───── Data segment

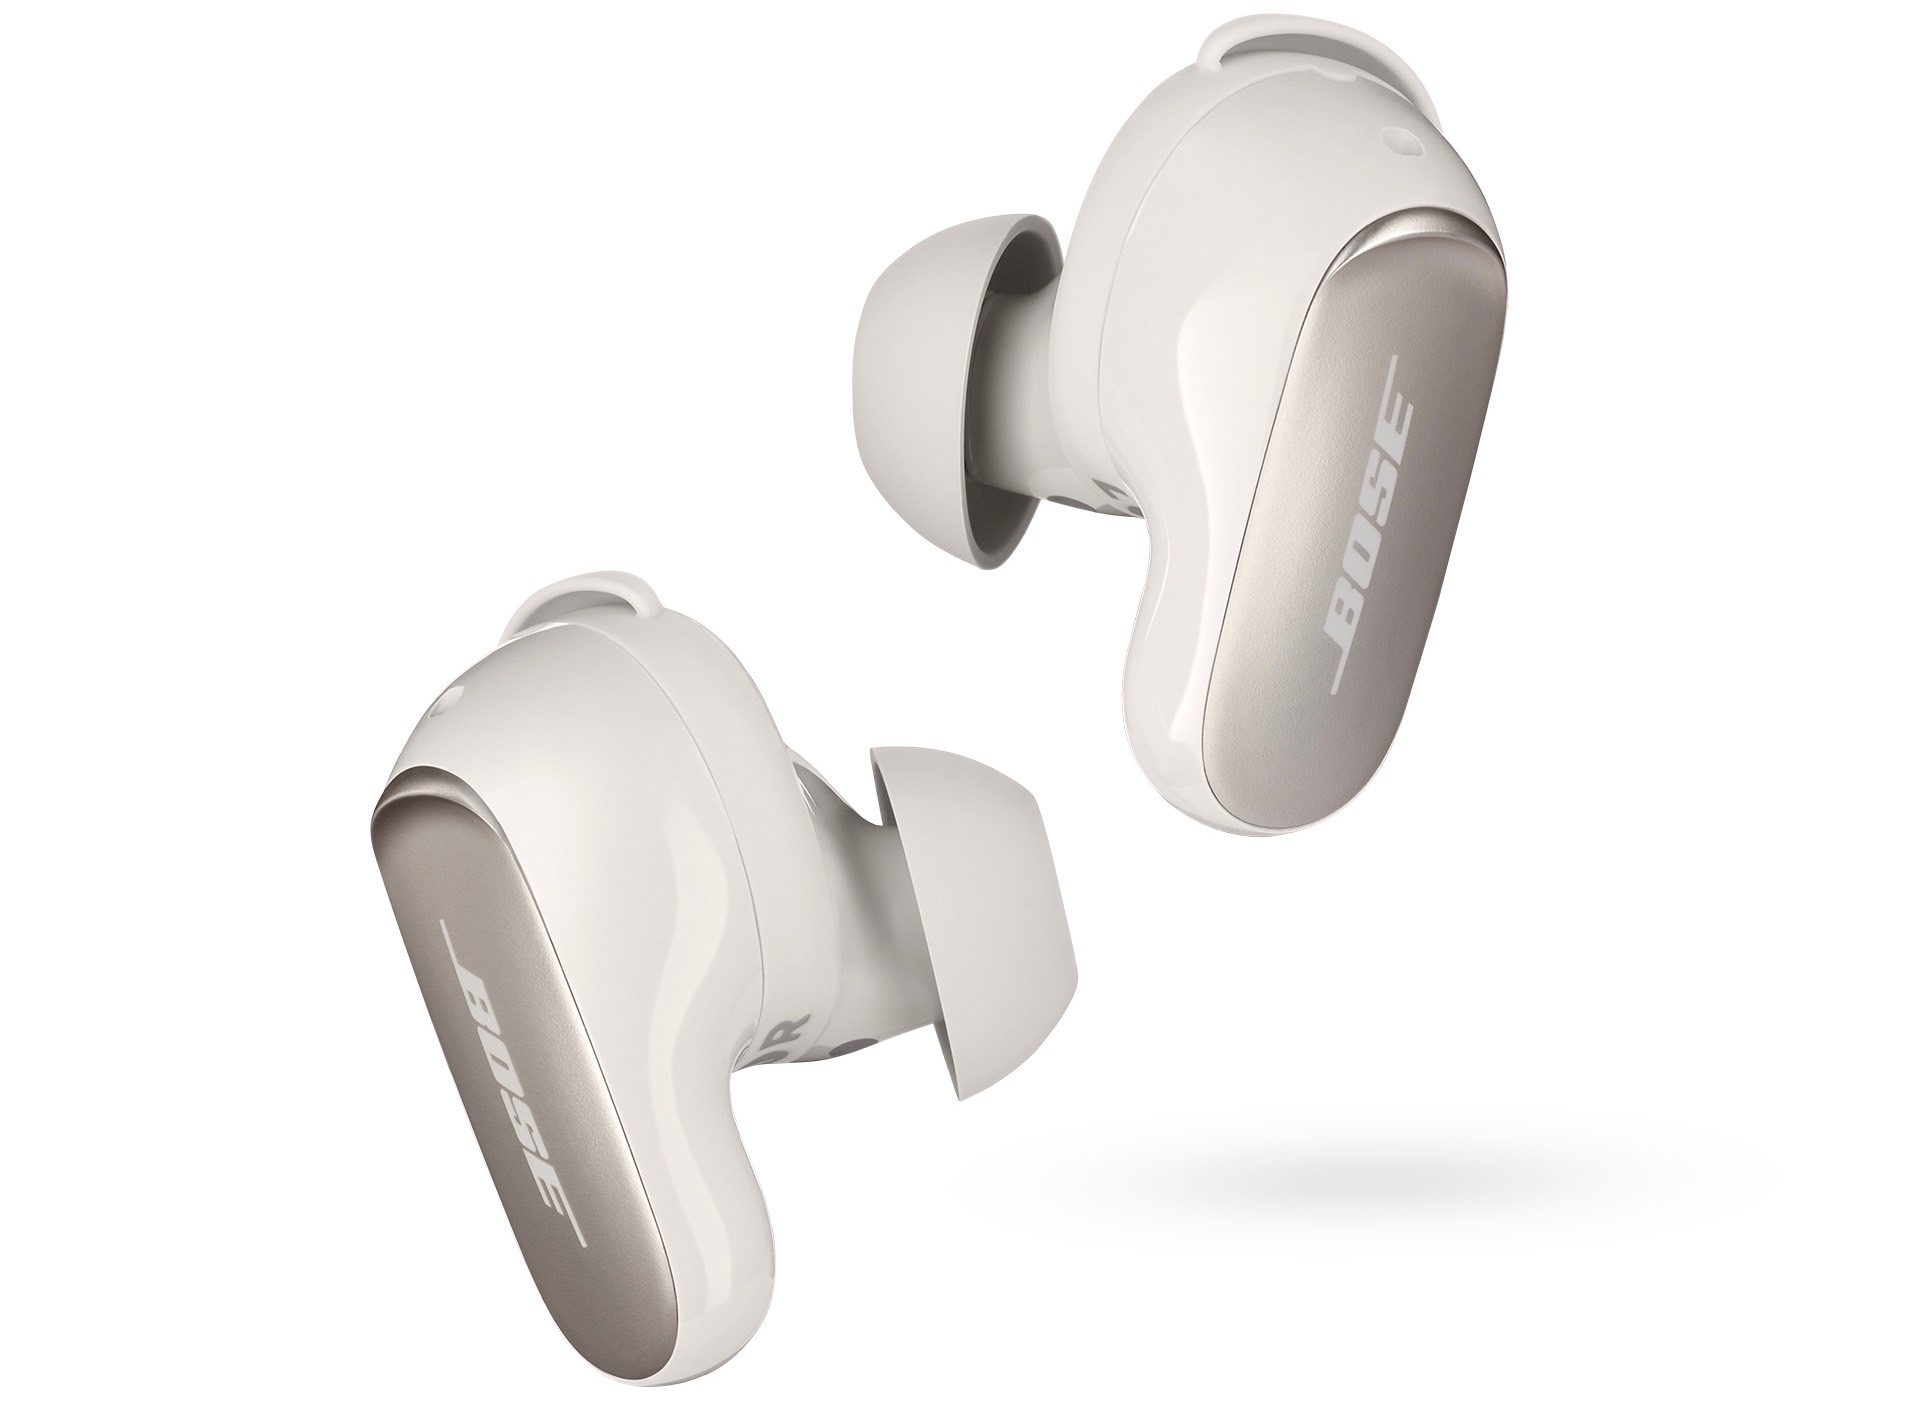 Bose QuietComfort Ultra Earbuds in white.
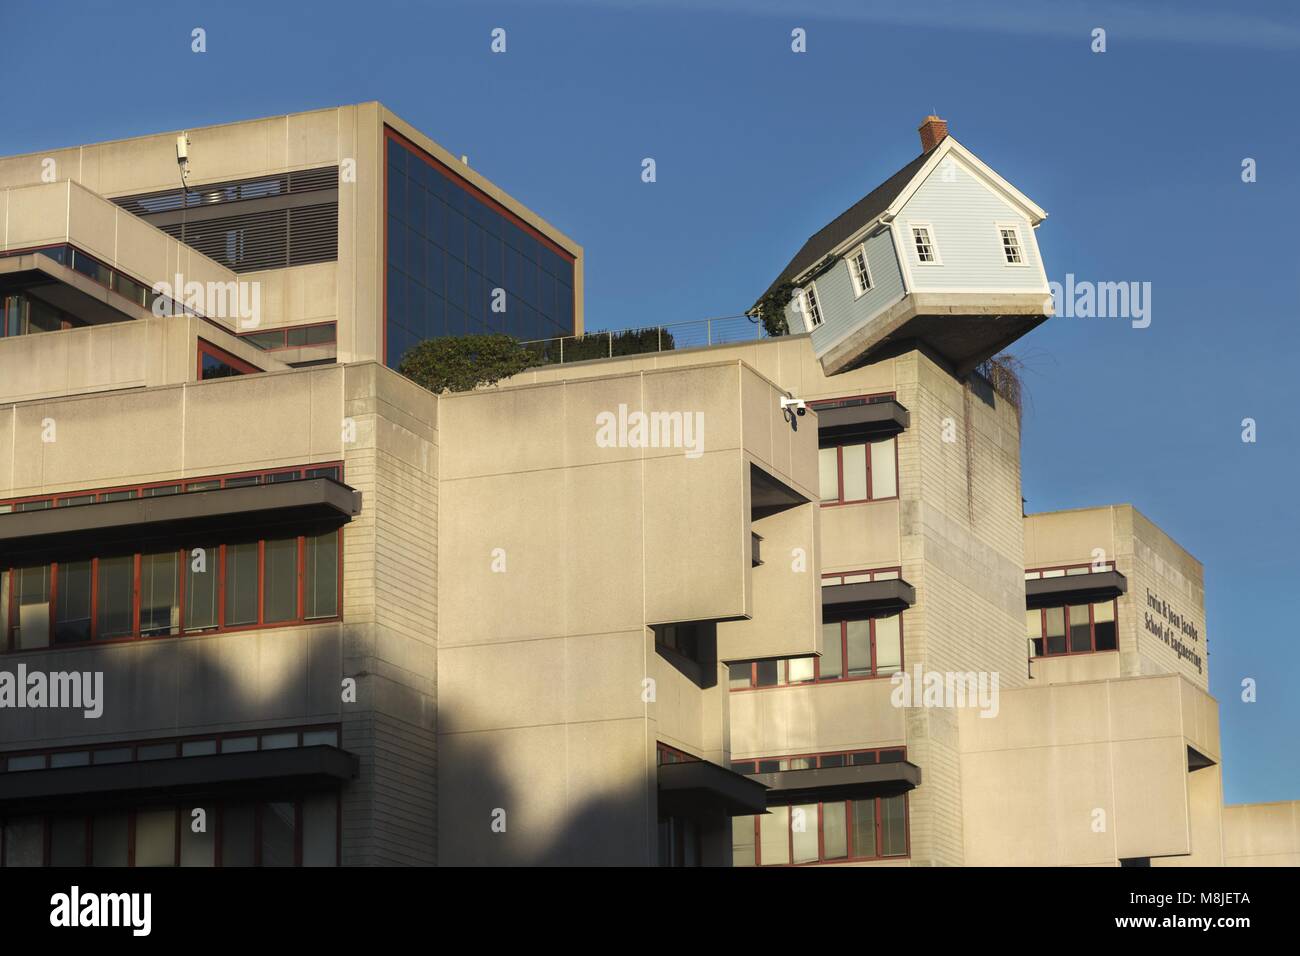 Fallen Star, an artwork by Do Ho Suh, a skewed house on top of Jacobs School of Science and Engineering at University of California San Diego UCSD Stock Photo
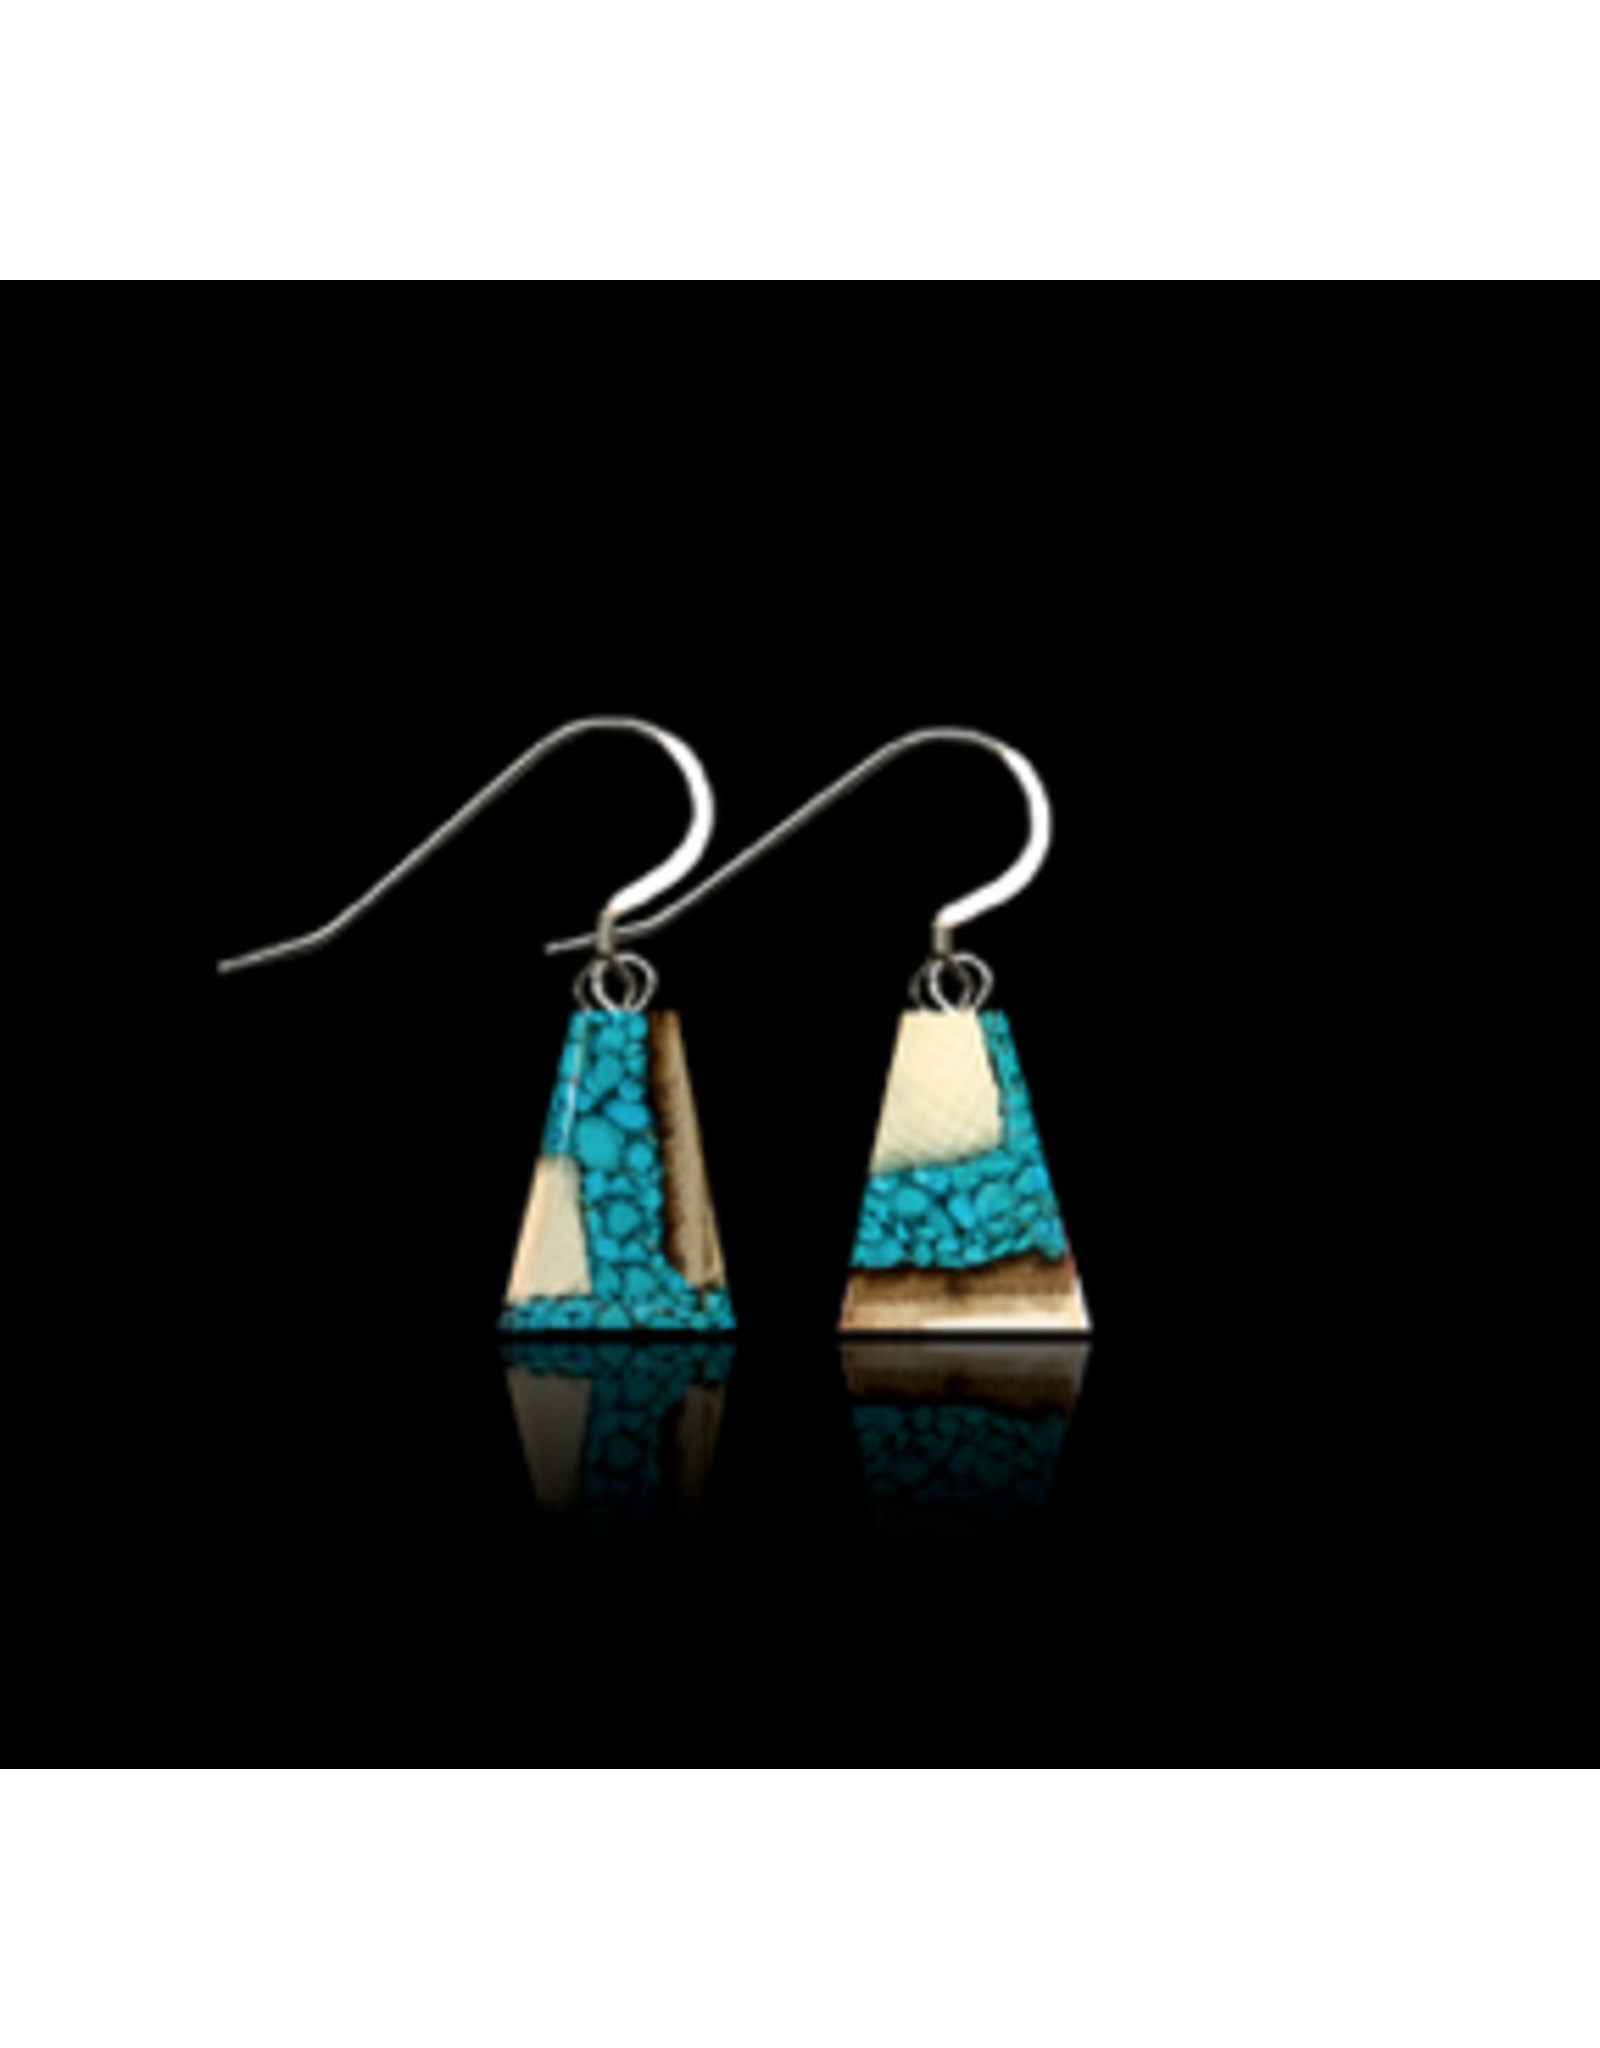 Dima Flare Earrings Mammoth Ivory & Turquoise - DFT3

──────────

Work order:
Repeat only the lines from the one with "Fallen Star, an" through the end of the data, both included and exactly as written. Pictures stay out of the copy.

Solution to this exercise:
 Fallen Star, an artwork by Do Ho Suh, a skewed house on top of Jacobs School of Science and Engineering at University of California San Diego UCSD Stock Photo
 Dima Flare Earrings Mammoth Ivory & Turquoise - DFT3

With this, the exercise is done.